The United States and its partners are concerned because there are many unresolved issues in the Western Balkans region and Bosnia and Herzegovina is a special problem, where constant political disputes threaten to delay commenced reform processes, US Deputy Assistant Secretary for European and Eurasian Affairs Hoyt Yee said in Sarajevo on Tuesday.

Countries in the region are continuing to have serious difficulties in the fight against corruption and in their efforts to establish the rule of law, however, some progress exists and that is particularly evident in Montenegro, which is a step away from NATO membership, and Albania's achievements are also significant, Yee told a press conference.

The US sees Bosnia and Herzegovina as a neuralgic spot in this part of Europe and strongly supports the EU initiative to bring the country closer to the EU through the implementation of reforms.

That initiative was launched late 2014 and last year the first visible signs appeared. However, now there is a deadlock because of delays in an agreement being reached on a mechanism to coordinate relations with Brussels, the alignment of the Interim Trade Agreement, and the publication of the results of the population census conducted in 2013, without which Bosnia and Herzegovina cannot provide credible information required for it to be granted candidate status for EU membership.

In addition, it appears that local elections called for October could additionally heighten the political rhetoric and disputes, which equally worries the USA and EU.

Yee told reporters that the US is concerned with the deadlock in reform processes.

There is a risk that Bosnia and Herzegovina will continue to fall behind the region because other states are implementing reforms, while politicians in Bosnia and Herzegovina are continuing to have difficulty in agreeing on the necessary steps, Yee said, explaining that Washington is urging politicians in Bosnia and Herzegovina to show decisiveness in reaching an agreement of contentious issues.

He added that the difficulty of the reforms required cannot be an excuse to avoid them.

He called on Bosnia and Herzegovina to strengthen ties with NATO even though, due to the unfinished registration of properties in the country, it was doubtful that the country would be given the green light at the next NATO summit in Warsaw to activate its Membership Action Plan (MAP).

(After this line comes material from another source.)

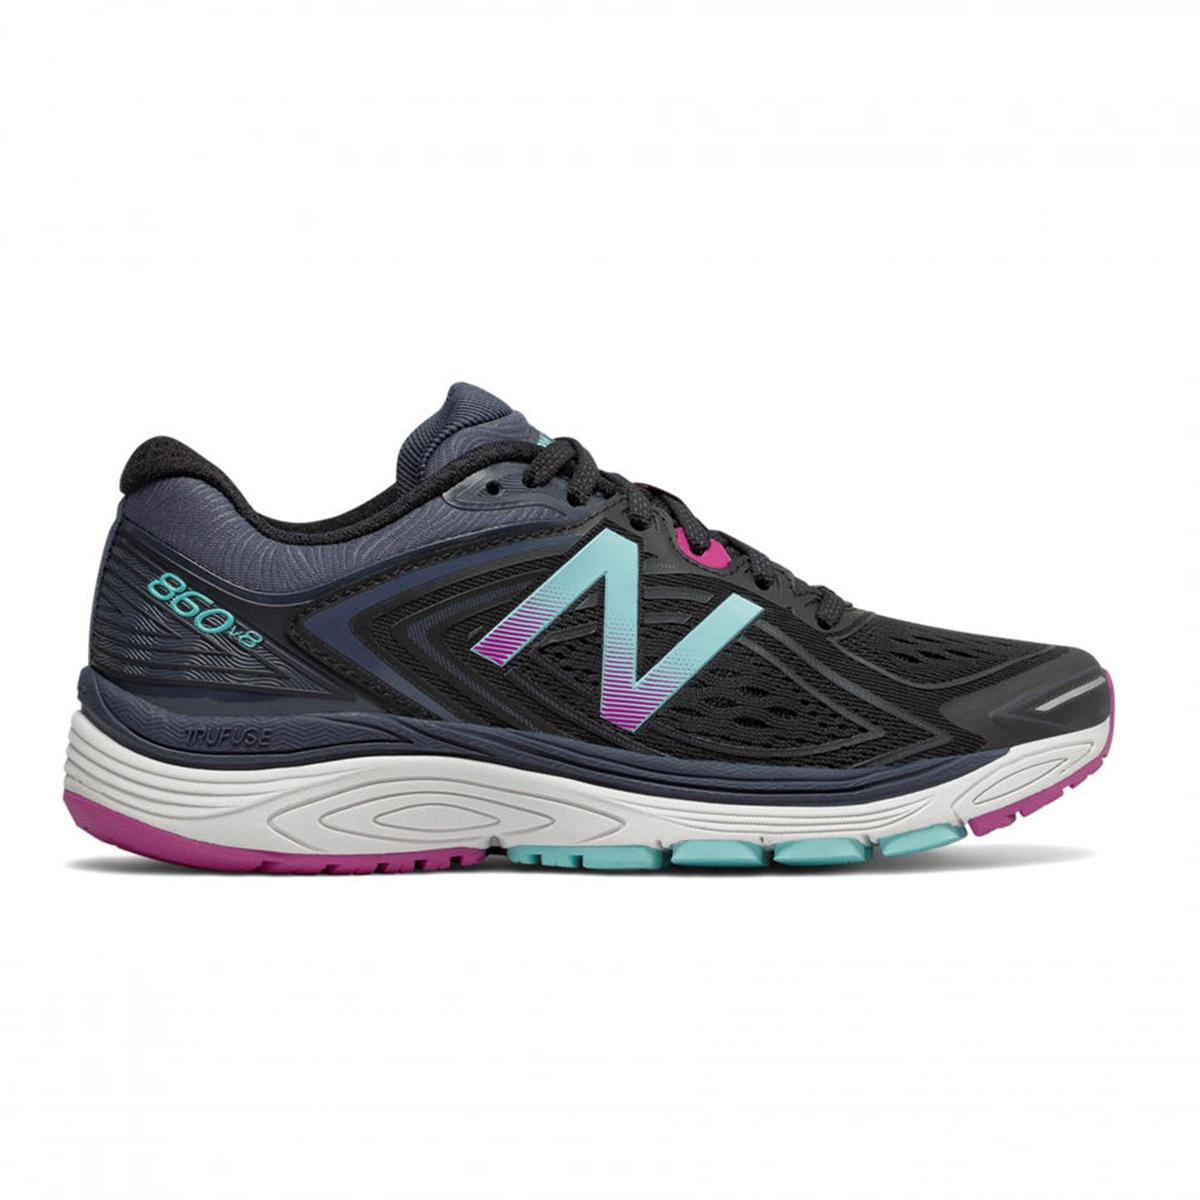 miglior prezzo scarpe new balance

Activation of MAP was blocked due to objections by the Republika Srpska entity to register barracks and military training grounds to the state's defence ministry. The government in this Serb entity is asking that those properties be registered to the two entities which would in turn lease them to the state and its defence forces, which is unacceptable to NATO.

Commenting on the weekend's protest rallies in Banja Luka by government supporters and opposition sympathisers, Yee said that the US supports the right of citizens to democratic and non-violent action to express their views of society.